The archers of the Prince camped with us the rest of the night in the place of the outcast crew. They behaved well (though their forbearance was perhaps as much owing to the near presence of the Princess as to any inherent virtue in the good men of the bow) to the women and children who remained huddled in the corners.
Then came the dawn, swift-foot from the east. A fair dawn it was, the sun rising, not through barred clouds, with the lightest at the horizon (which is the foul-weather dawn), but through streamers and bannerets that fluttered upward and fired to ever fleecier crimson and gold as he rose.
We rode among a subdued people, and ere we went the Princess called for the Burgomeister and bade him send to Plassenburg the landlord, so soon as he should be found, and also the heads of the half-dozen houses on either side of the inn.
Then, indeed, there was a turmoil and a wailing to speak about. Women folk crowded out of the huts and kissed the white feet of the palfrey that bore the Lady Ysolinde.
"Have mercy!" they wailed; "show kindness, great Princess!
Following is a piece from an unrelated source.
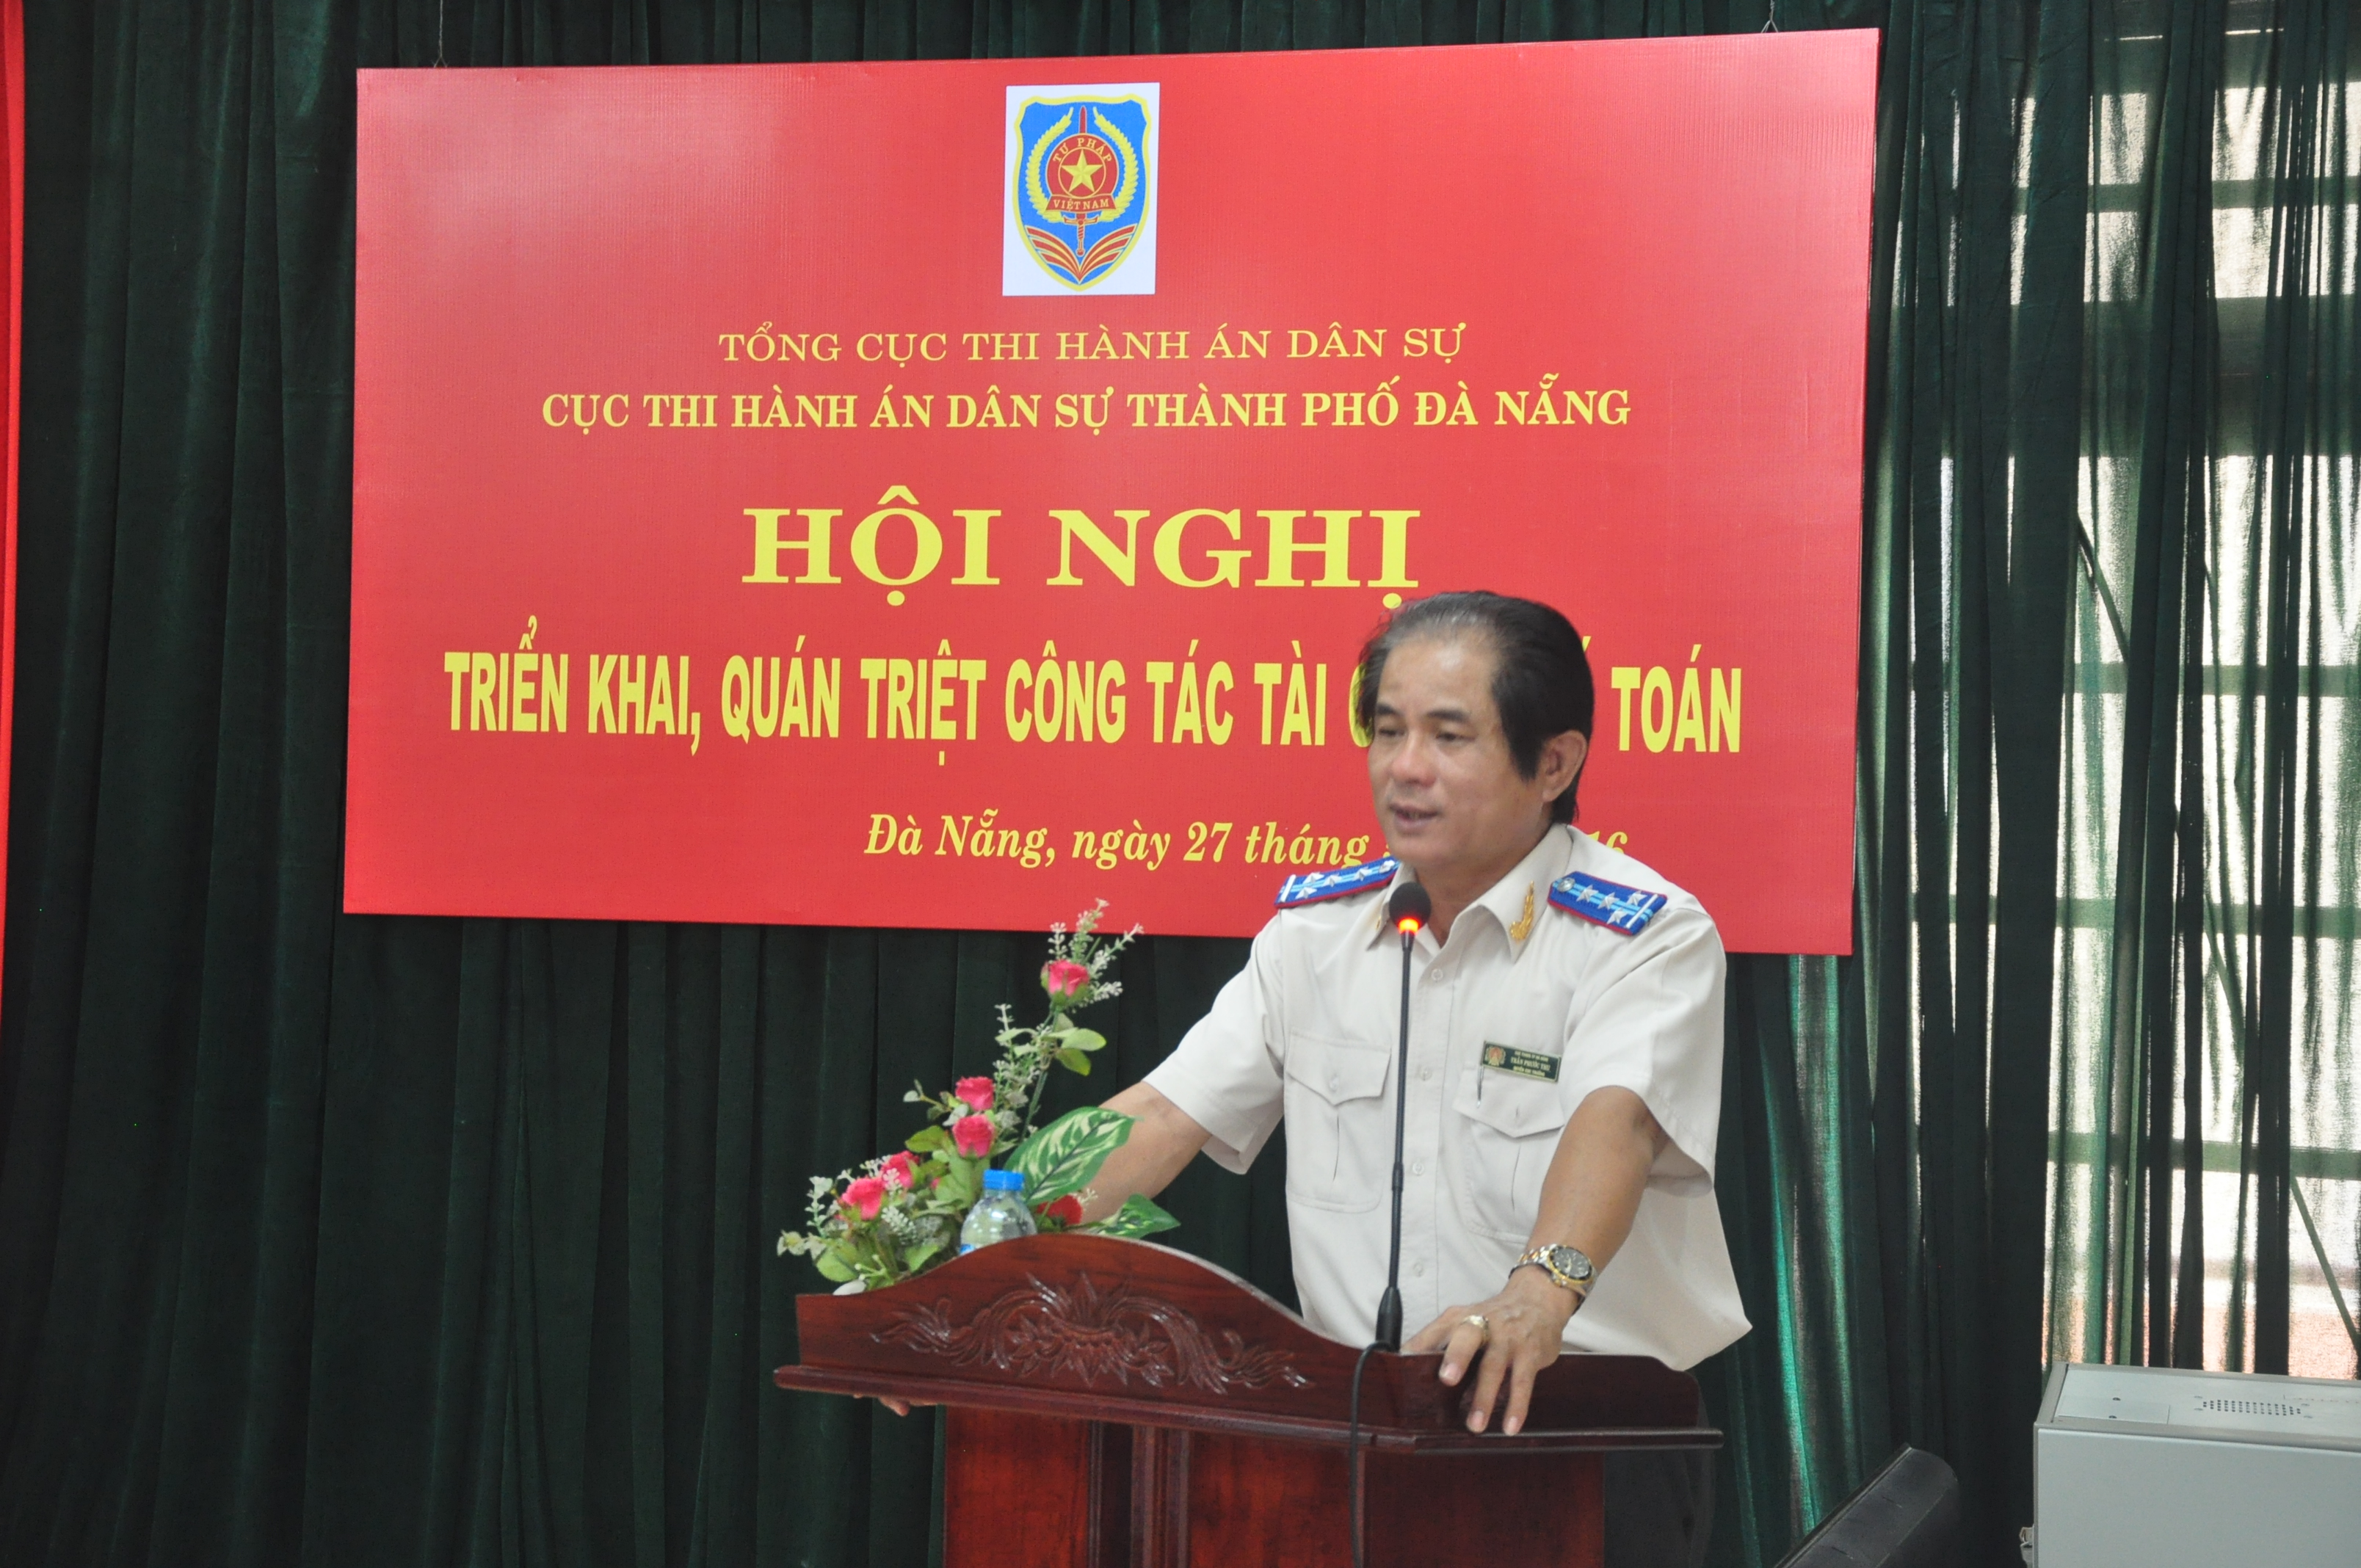 Cục Thi hành án dân sự thành phố Đà Nẵng  Tổ chức Hội nghị triển khai, quán triệt công tác tài chính, kế toán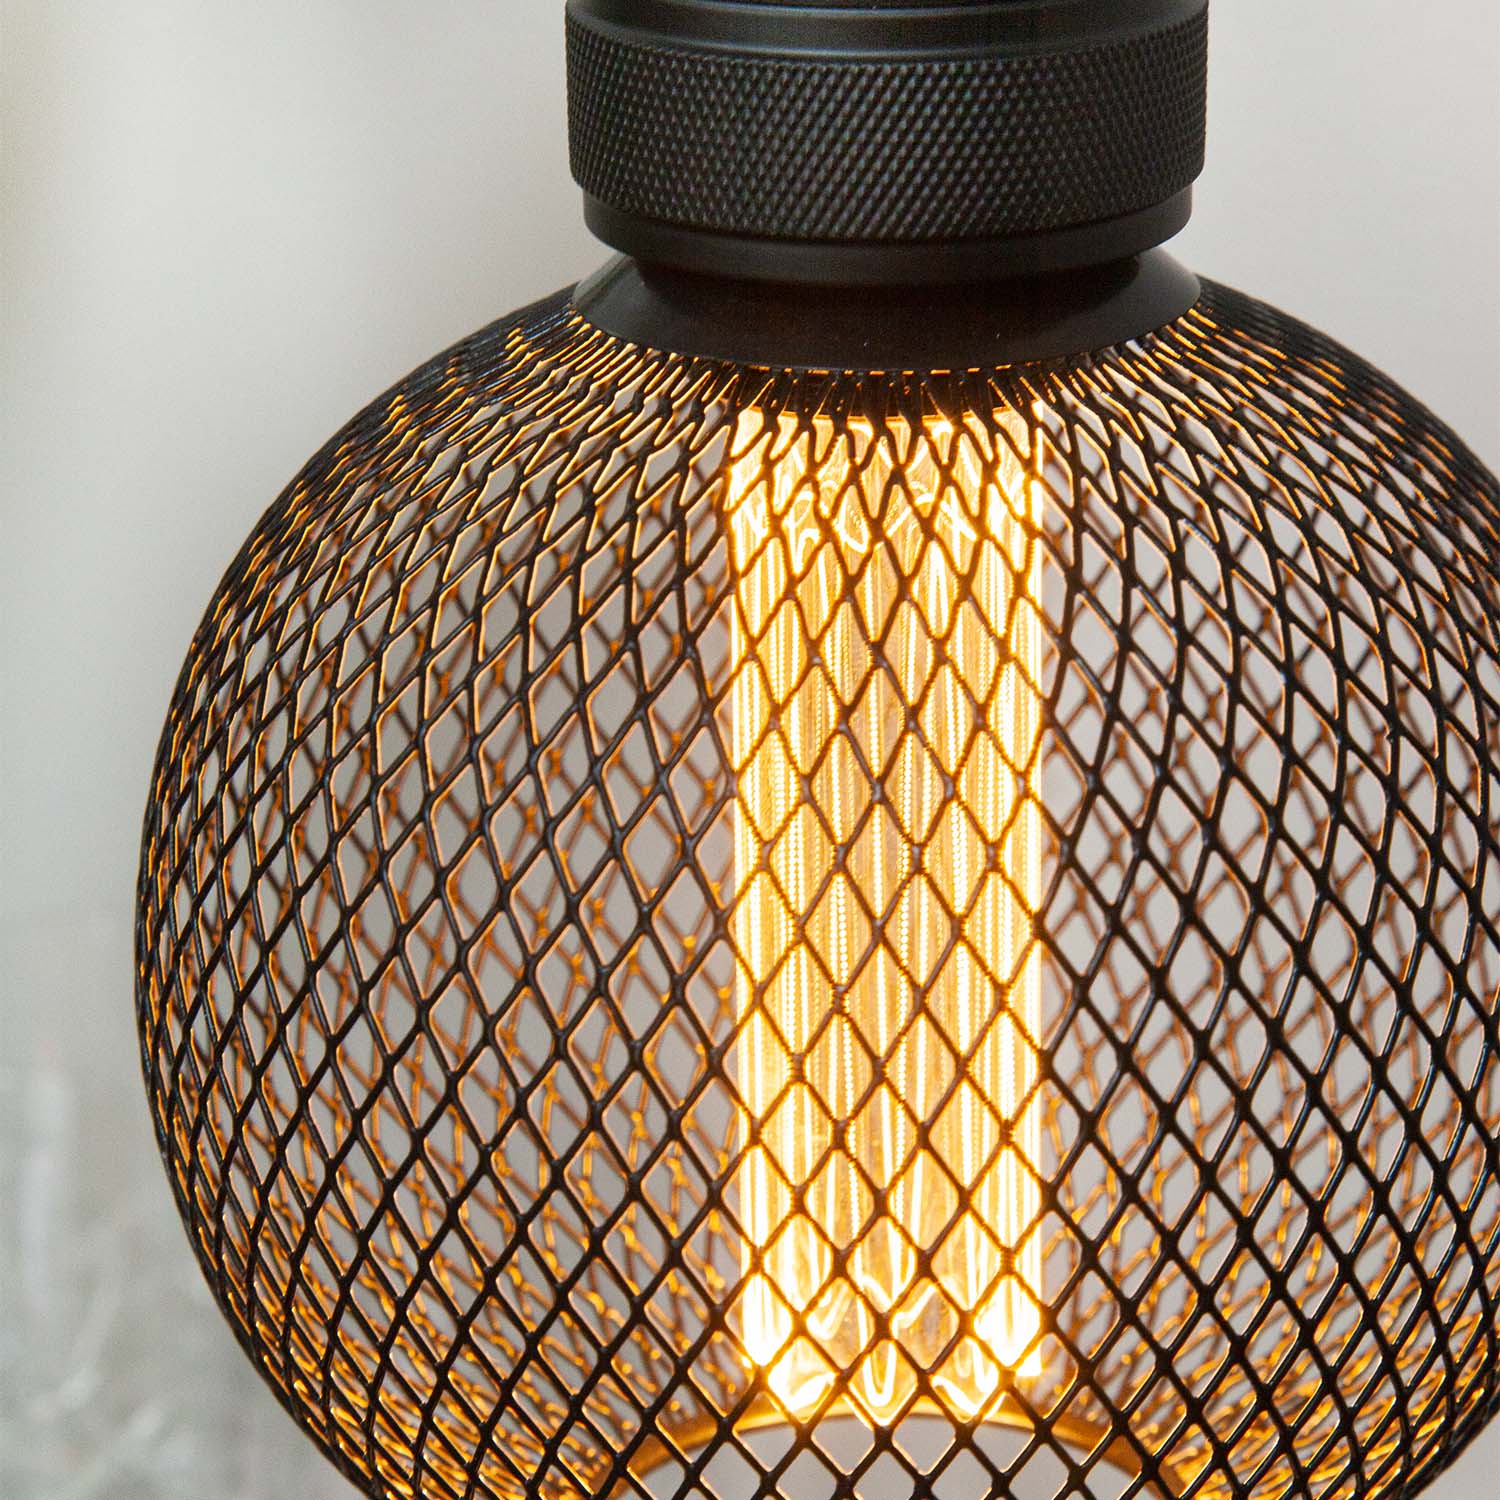 Gitter - E27 LED bulb black grid design

Here are our men, unwounded and unhurt, that have lain by our sides all the night. They are innocent of all intent of evil—of every dark deed. Ah, lady, send them not to your prisons. We shall never see them more, and they are all we have or our children. 'Tis they bring in the bread to this drear spot!"
"Produce me your husbands, then!" said the Lady Ysolinde.
Whereat the women ran and brought a number of frowsy and bleared men, all unwounded, save one that had a broken head.
Then Ysolinde called to the Burgomeister. "Come hither, chief of a thievish municipality, tell me if these be indeed these women's husbands."
The Burgomeister, a pallid, pouch-mouthed man, tremulous, and brick-dusty, like everything else in the village of Erdberg, came forward and peeringly examined the men.
"Every man to his woman!" he ordered, brusquely, and the women went and stood each by her own property—the men shamefaced and hand-dog, the women anxious and pale. Some of the last threw a, protecting arm about their husbands, which they for the most part appeared to resent. In every case the woman looked the more capable and intelligent, the men being apparently mere boors.